═════ Supplied records

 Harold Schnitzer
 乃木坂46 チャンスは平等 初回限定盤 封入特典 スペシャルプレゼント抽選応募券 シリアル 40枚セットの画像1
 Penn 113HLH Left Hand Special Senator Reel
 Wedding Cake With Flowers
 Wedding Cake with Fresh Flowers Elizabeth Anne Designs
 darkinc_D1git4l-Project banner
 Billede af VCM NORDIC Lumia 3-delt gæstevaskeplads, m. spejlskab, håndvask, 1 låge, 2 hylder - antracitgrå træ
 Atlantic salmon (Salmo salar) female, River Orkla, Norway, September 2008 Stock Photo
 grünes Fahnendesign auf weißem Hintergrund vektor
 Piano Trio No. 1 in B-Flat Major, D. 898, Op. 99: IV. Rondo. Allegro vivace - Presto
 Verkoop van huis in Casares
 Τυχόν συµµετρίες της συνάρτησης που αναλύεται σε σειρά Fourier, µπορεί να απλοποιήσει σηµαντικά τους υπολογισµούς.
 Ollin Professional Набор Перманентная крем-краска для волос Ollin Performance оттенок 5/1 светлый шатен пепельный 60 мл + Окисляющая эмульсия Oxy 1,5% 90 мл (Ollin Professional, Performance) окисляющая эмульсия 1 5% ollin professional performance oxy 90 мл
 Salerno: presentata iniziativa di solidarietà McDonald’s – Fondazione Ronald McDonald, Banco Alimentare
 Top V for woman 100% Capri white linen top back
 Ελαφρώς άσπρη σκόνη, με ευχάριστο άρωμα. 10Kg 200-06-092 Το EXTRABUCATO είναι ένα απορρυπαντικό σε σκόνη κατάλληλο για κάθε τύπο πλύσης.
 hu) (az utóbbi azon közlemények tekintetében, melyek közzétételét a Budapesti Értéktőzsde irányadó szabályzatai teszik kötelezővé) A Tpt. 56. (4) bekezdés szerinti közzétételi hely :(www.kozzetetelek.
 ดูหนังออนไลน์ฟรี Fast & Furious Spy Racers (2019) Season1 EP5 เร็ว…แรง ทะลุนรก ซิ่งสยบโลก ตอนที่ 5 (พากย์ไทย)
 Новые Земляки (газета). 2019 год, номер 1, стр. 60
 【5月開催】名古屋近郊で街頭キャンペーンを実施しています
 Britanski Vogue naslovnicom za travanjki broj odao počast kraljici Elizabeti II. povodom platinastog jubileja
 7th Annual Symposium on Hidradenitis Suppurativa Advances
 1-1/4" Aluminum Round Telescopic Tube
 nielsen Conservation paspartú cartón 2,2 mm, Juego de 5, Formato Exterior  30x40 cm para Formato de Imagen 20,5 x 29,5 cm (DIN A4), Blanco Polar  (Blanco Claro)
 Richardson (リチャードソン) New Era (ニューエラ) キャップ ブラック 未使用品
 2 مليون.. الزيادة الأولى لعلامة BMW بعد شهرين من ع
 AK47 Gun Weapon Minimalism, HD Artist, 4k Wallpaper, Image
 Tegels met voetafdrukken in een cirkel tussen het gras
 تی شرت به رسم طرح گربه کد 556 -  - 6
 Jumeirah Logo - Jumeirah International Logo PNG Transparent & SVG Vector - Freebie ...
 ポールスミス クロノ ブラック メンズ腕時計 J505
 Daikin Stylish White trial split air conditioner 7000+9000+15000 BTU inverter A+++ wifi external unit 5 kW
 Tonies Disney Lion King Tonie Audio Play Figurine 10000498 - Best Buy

══════════

• Task description:
Having read the entries, repeat them all exactly.

• Your solution:
 Harold Schnitzer
 乃木坂46 チャンスは平等 初回限定盤 封入特典 スペシャルプレゼント抽選応募券 シリアル 40枚セットの画像1
 Penn 113HLH Left Hand Special Senator Reel
 Wedding Cake With Flowers
 Wedding Cake with Fresh Flowers Elizabeth Anne Designs
 darkinc_D1git4l-Project banner
 Billede af VCM NORDIC Lumia 3-delt gæstevaskeplads, m. spejlskab, håndvask, 1 låge, 2 hylder - antracitgrå træ
 Atlantic salmon (Salmo salar) female, River Orkla, Norway, September 2008 Stock Photo
 grünes Fahnendesign auf weißem Hintergrund vektor
 Piano Trio No. 1 in B-Flat Major, D. 898, Op. 99: IV. Rondo. Allegro vivace - Presto
 Verkoop van huis in Casares
 Τυχόν συµµετρίες της συνάρτησης που αναλύεται σε σειρά Fourier, µπορεί να απλοποιήσει σηµαντικά τους υπολογισµούς.
 Ollin Professional Набор Перманентная крем-краска для волос Ollin Performance оттенок 5/1 светлый шатен пепельный 60 мл + Окисляющая эмульсия Oxy 1,5% 90 мл (Ollin Professional, Performance) окисляющая эмульсия 1 5% ollin professional performance oxy 90 мл
 Salerno: presentata iniziativa di solidarietà McDonald’s – Fondazione Ronald McDonald, Banco Alimentare
 Top V for woman 100% Capri white linen top back
 Ελαφρώς άσπρη σκόνη, με ευχάριστο άρωμα. 10Kg 200-06-092 Το EXTRABUCATO είναι ένα απορρυπαντικό σε σκόνη κατάλληλο για κάθε τύπο πλύσης.
 hu) (az utóbbi azon közlemények tekintetében, melyek közzétételét a Budapesti Értéktőzsde irányadó szabályzatai teszik kötelezővé) A Tpt. 56. (4) bekezdés szerinti közzétételi hely :(www.kozzetetelek.
 ดูหนังออนไลน์ฟรี Fast & Furious Spy Racers (2019) Season1 EP5 เร็ว…แรง ทะลุนรก ซิ่งสยบโลก ตอนที่ 5 (พากย์ไทย)
 Новые Земляки (газета). 2019 год, номер 1, стр. 60
 【5月開催】名古屋近郊で街頭キャンペーンを実施しています
 Britanski Vogue naslovnicom za travanjki broj odao počast kraljici Elizabeti II. povodom platinastog jubileja
 7th Annual Symposium on Hidradenitis Suppurativa Advances
 1-1/4" Aluminum Round Telescopic Tube
 nielsen Conservation paspartú cartón 2,2 mm, Juego de 5, Formato Exterior  30x40 cm para Formato de Imagen 20,5 x 29,5 cm (DIN A4), Blanco Polar  (Blanco Claro)
 Richardson (リチャードソン) New Era (ニューエラ) キャップ ブラック 未使用品
 2 مليون.. الزيادة الأولى لعلامة BMW بعد شهرين من ع
 AK47 Gun Weapon Minimalism, HD Artist, 4k Wallpaper, Image
 Tegels met voetafdrukken in een cirkel tussen het gras
 تی شرت به رسم طرح گربه کد 556 -  - 6
 Jumeirah Logo - Jumeirah International Logo PNG Transparent & SVG Vector - Freebie ...
 ポールスミス クロノ ブラック メンズ腕時計 J505
 Daikin Stylish White trial split air conditioner 7000+9000+15000 BTU inverter A+++ wifi external unit 5 kW
 Tonies Disney Lion King Tonie Audio Play Figurine 10000498 - Best Buy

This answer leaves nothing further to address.